We are planning to reuse ELK and need to check the if ECCN(Export Control Classification Number) is OK. So how can I obtain the ECCN for logstash, elasticsearch and kibana?
Thanks.
Are you after this for the open source products, or the Elastic Cloud offering?
Thanks for quick reply. It's for open source products.
Ok let me move this thread as it's not Cloud related 
According to the information collected, one criteria to determine the ECCN is that whether the software is designed to use cryptography for purposes other than authentication or digital signature.
As my current understanding, there is no such encryption for data/message in ELK except authentication. Just want to double confirm? Thanks.
The ECCN for these products is 5D992.
Kevin
1 Like
Thanks for the reply.
But I can't quite understand. As I know there are 2 criteria to classify the opensource software for ECCN.
- US origin: does the software originate from the USA?
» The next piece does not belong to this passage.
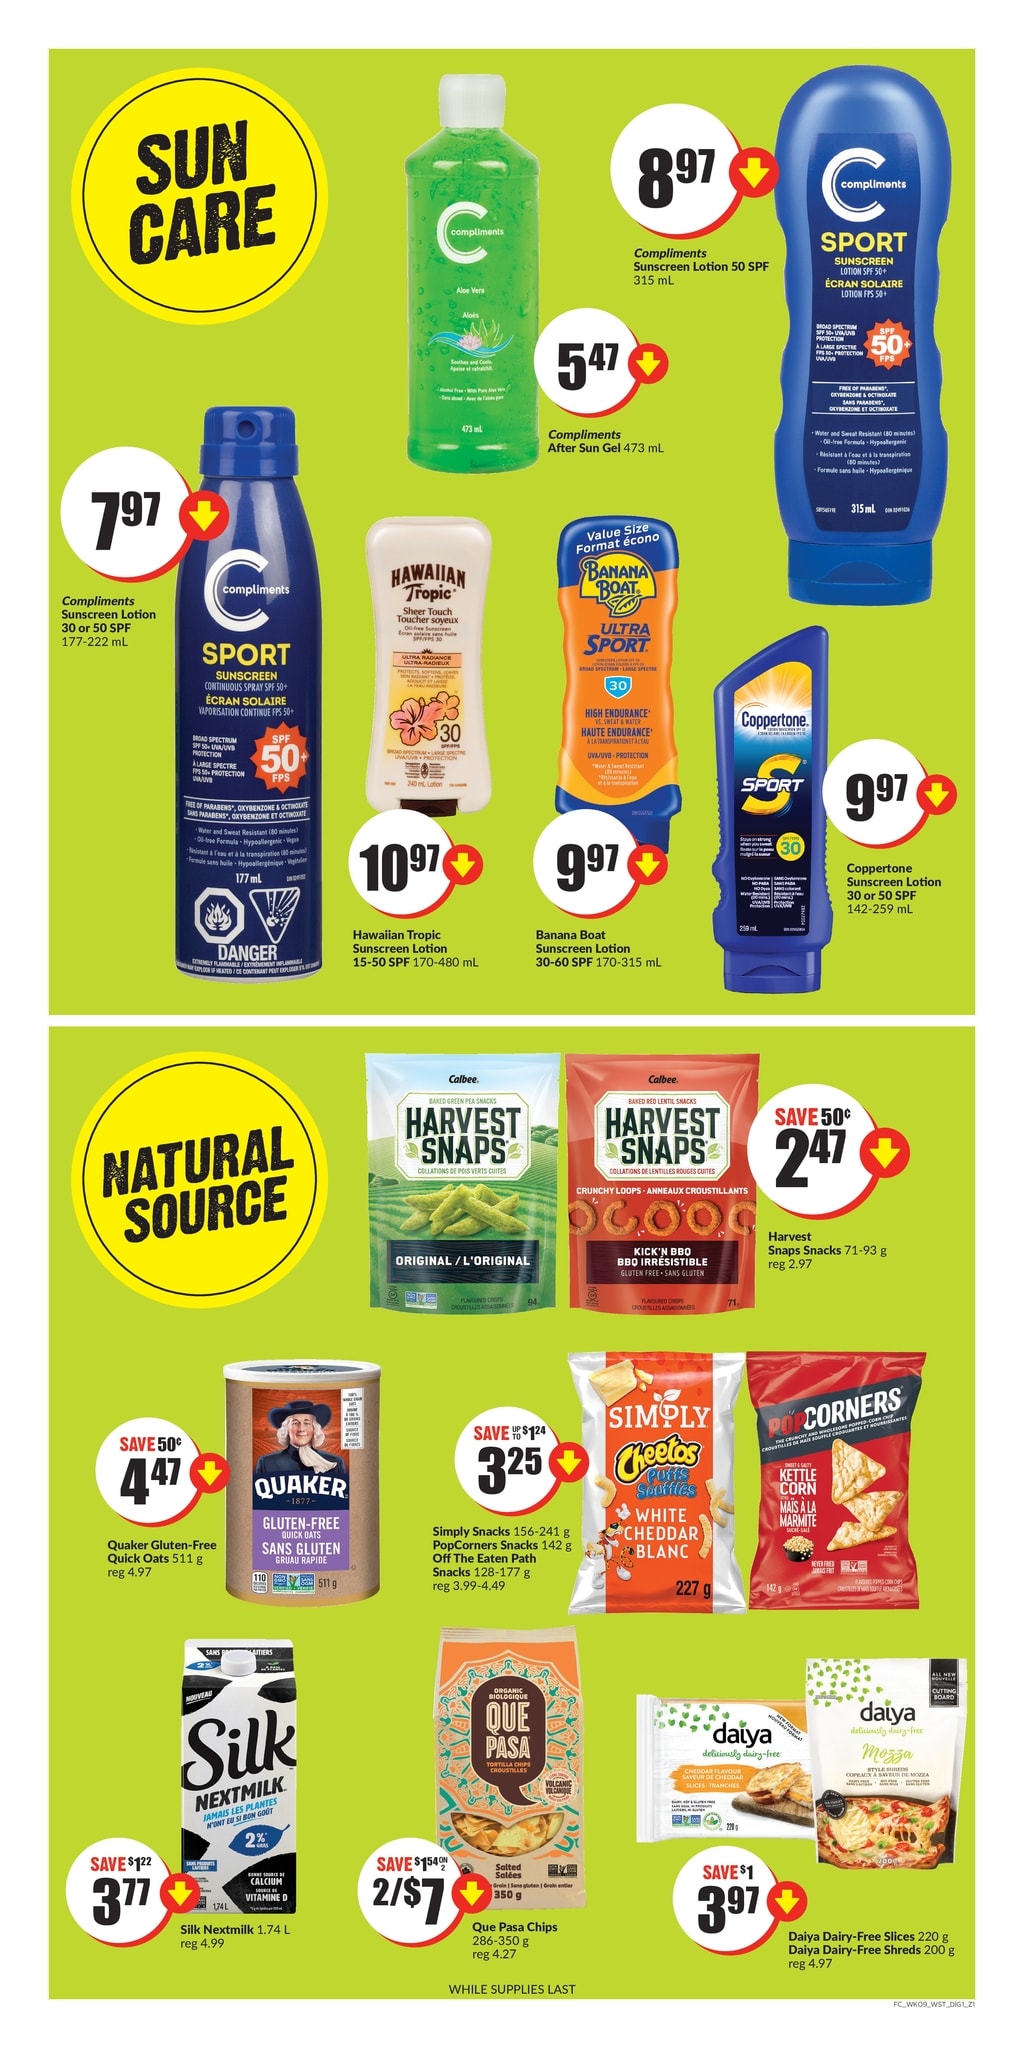 FreshCo British Columbia - Weekly Flyer Specials - Page 5

- Is the software designed to use cryptography for purposes other than authentication or digital signature with keys longer than 56 bit (symmetric) or 112/512 bit (asymmetric, depending on the algorithm)
for question 1, I'm not sure. maybe some content belongs to US.
for question 2, there is TLS/SSL encryption in shield plugin. but sheild is independent plugin(comercial product) from ELK. So my understanding is no encryption in ELK, and most probably ELK belongs to EAR99. Please correct me if I'm wrong. Or could you help to explain a bit where 5D992 comes from?